# Tegu-Proofing Plants??



## janeslittledinosaur (May 4, 2011)

I've tried real plants before.. I LOVE the look of them, but the lizards always check them out, then their pupils dilate at the smell of the soil and they dig the roots out as fast as they can... until they're left with a plant pot to explore. I can get taller plants to help with the trampling, but my main concern is keeping the roots in their pots. Can't you load the top with heavy rocks or something to keep them out of there??


----------



## james.w (May 4, 2011)

I wouldn't waste my time, it will never work.


----------



## TheTeguGurl (May 4, 2011)

ya i would have to agree with the above post. All my tegus love to explore and dig and re-due there enclosure all the time! you could try to rock idea and see how it works, but please be careful they might dig at it and the rocks might fall and injure your tegu


----------



## adam1120 (May 4, 2011)

if you put the plants in the back corner you think youlls bigger tegus wo uld still walk over there and dig them up? i plant mine into the mulch still with the plastic pot on works but again i got a little colmbiuam tegu so just tryin to help


----------



## chelvis (May 4, 2011)

Only thing i have had work was the get an empty plastic pot and nail/screw it into the floor of the enclosure. This pervents them from knocking it over or tilting it. But still they will dig them up and mess with the plants. Its just want tegus do.


----------



## Toby_H (May 4, 2011)

I love planted tanks also and that's the reasons I have kept many smaller Vivariums. Planted tanks with small reptiles or amphibians. A Tegu enclosure just isn't the place for plants. Tegus get bored even in very large enclosures and they will dig in every square inch of the enclosure.


----------



## herpgirl2510 (May 7, 2011)

What about haanging plants from the ceiling of the enclosre or maybe with the rings that you screw into the wall you could screw them in higher.


----------



## Bubblz Calhoun (May 7, 2011)

_Herpgirl got me thinking and I googled some stuff. I like natural enclosures and the plants help with humidity if you can keep them out of the roots and from tearing the plant apart. I had real plants in Trickys enclosure until he got too big for them and want to do the same for Korben. 
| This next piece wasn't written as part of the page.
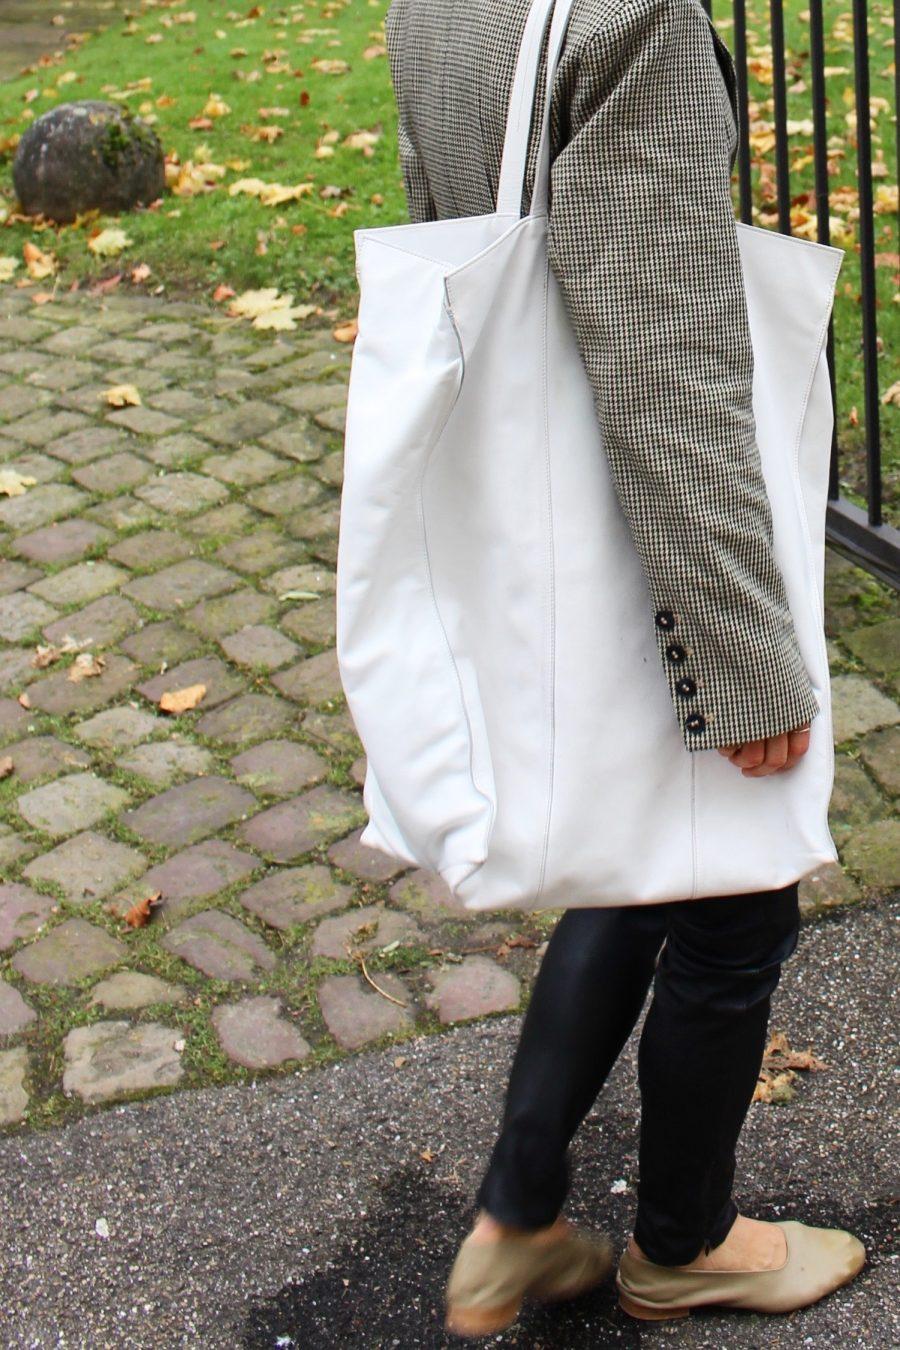 H&M Trend Blazer 2017 Balenciaga style

Some of these ideas just might work and I will definitely try,.. if I buy or make my own. Some can be made to have hides in them with their own soil to dig in. 
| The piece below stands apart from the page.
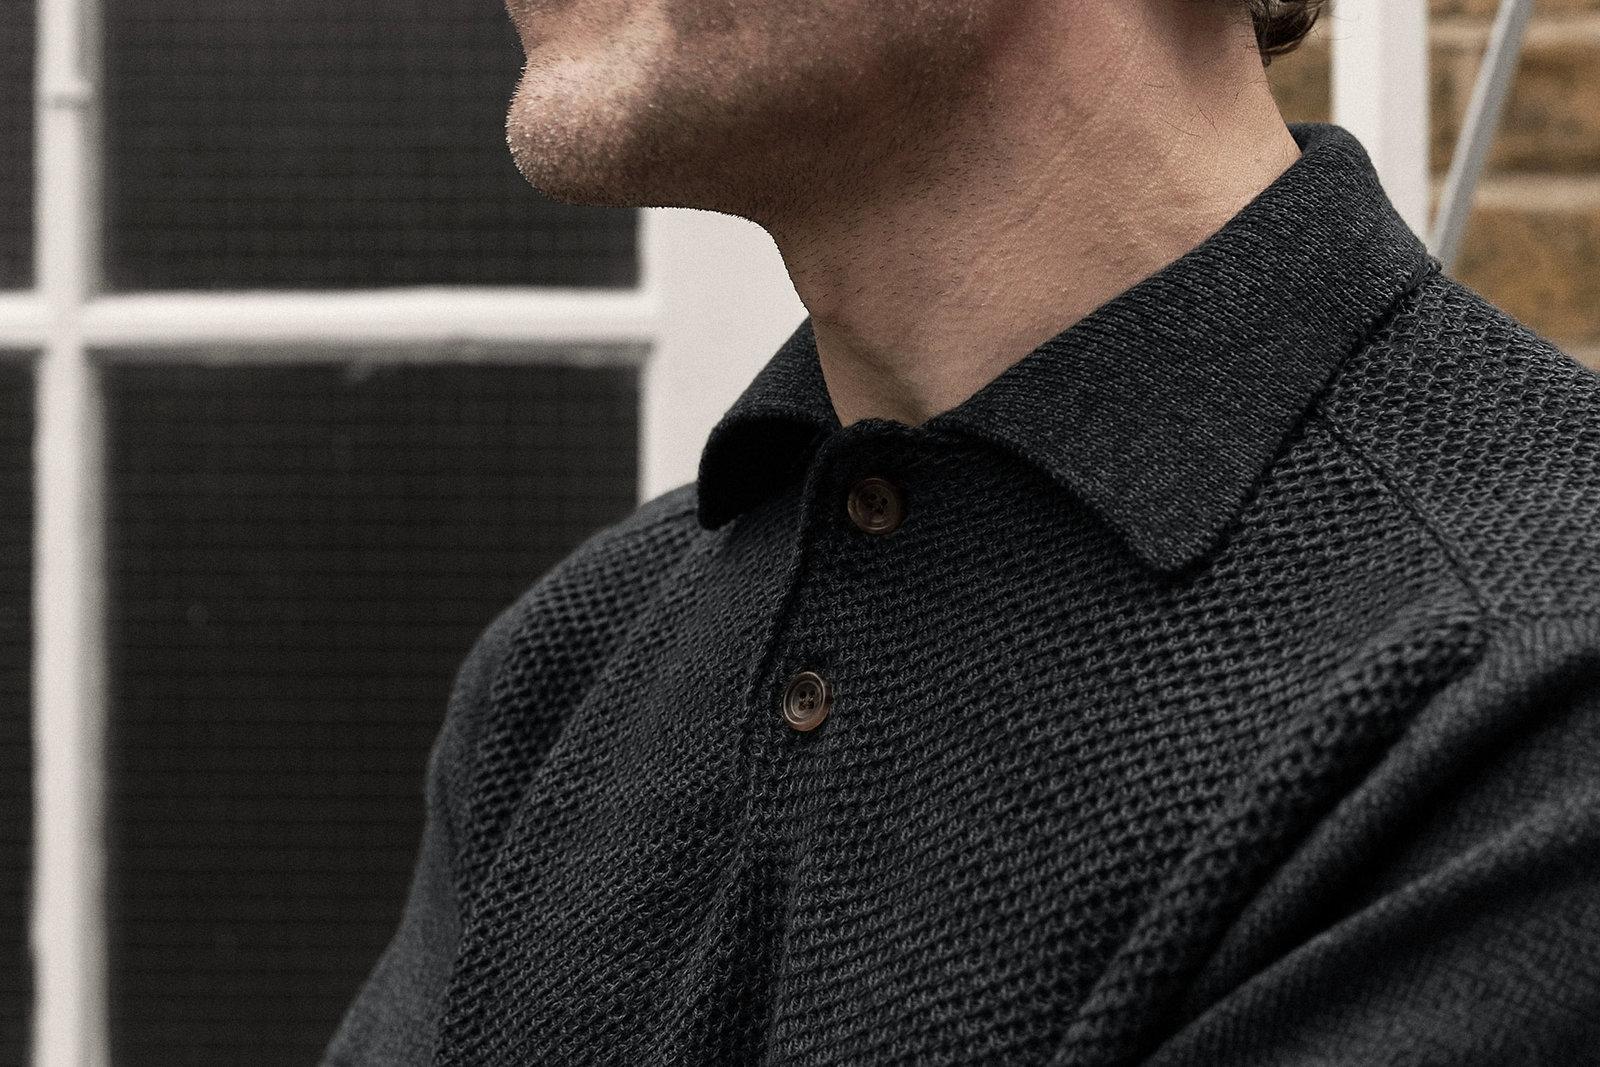 polo-shirt-cotton-charcoal-worn-4@2x.jpg

First something similar to Herpgirls idea.
http://www.decodir.com/wp-content/uploads/2010/02/sky-planter-upside-down-plant-pot.jpg

and a few others;
http://simplydecoration.com/wp-content/uploads/2008/06/growbag.jpg

The Vertical Pot
http://www.bestfurnituretrend.com/wp-content/uploads/2010/11/Modern-Vertical-Garden.jpg

Pet Planting Pots
http://www.bodew.com/wp-content/uploads/2011/04/Unique-Bird-Houses.jpg

Strawberry Pots
http://www.kiddiegardens.com/image-files/patio_strawberries.jpg
_


----------



## herpgirl2510 (May 7, 2011)

The first one is way better than my idea. I just got a 3 foot red tegu from someone who lives close to me. I have a plant hanging from a hook from his enclosure ceiling he has shown no interest. The mulch filled water dish is another matter. It is so unbeliveably cute when they rink from their dish I never had see that before my red. Bubblze awesome ideas in those links thanks very modern looking.


----------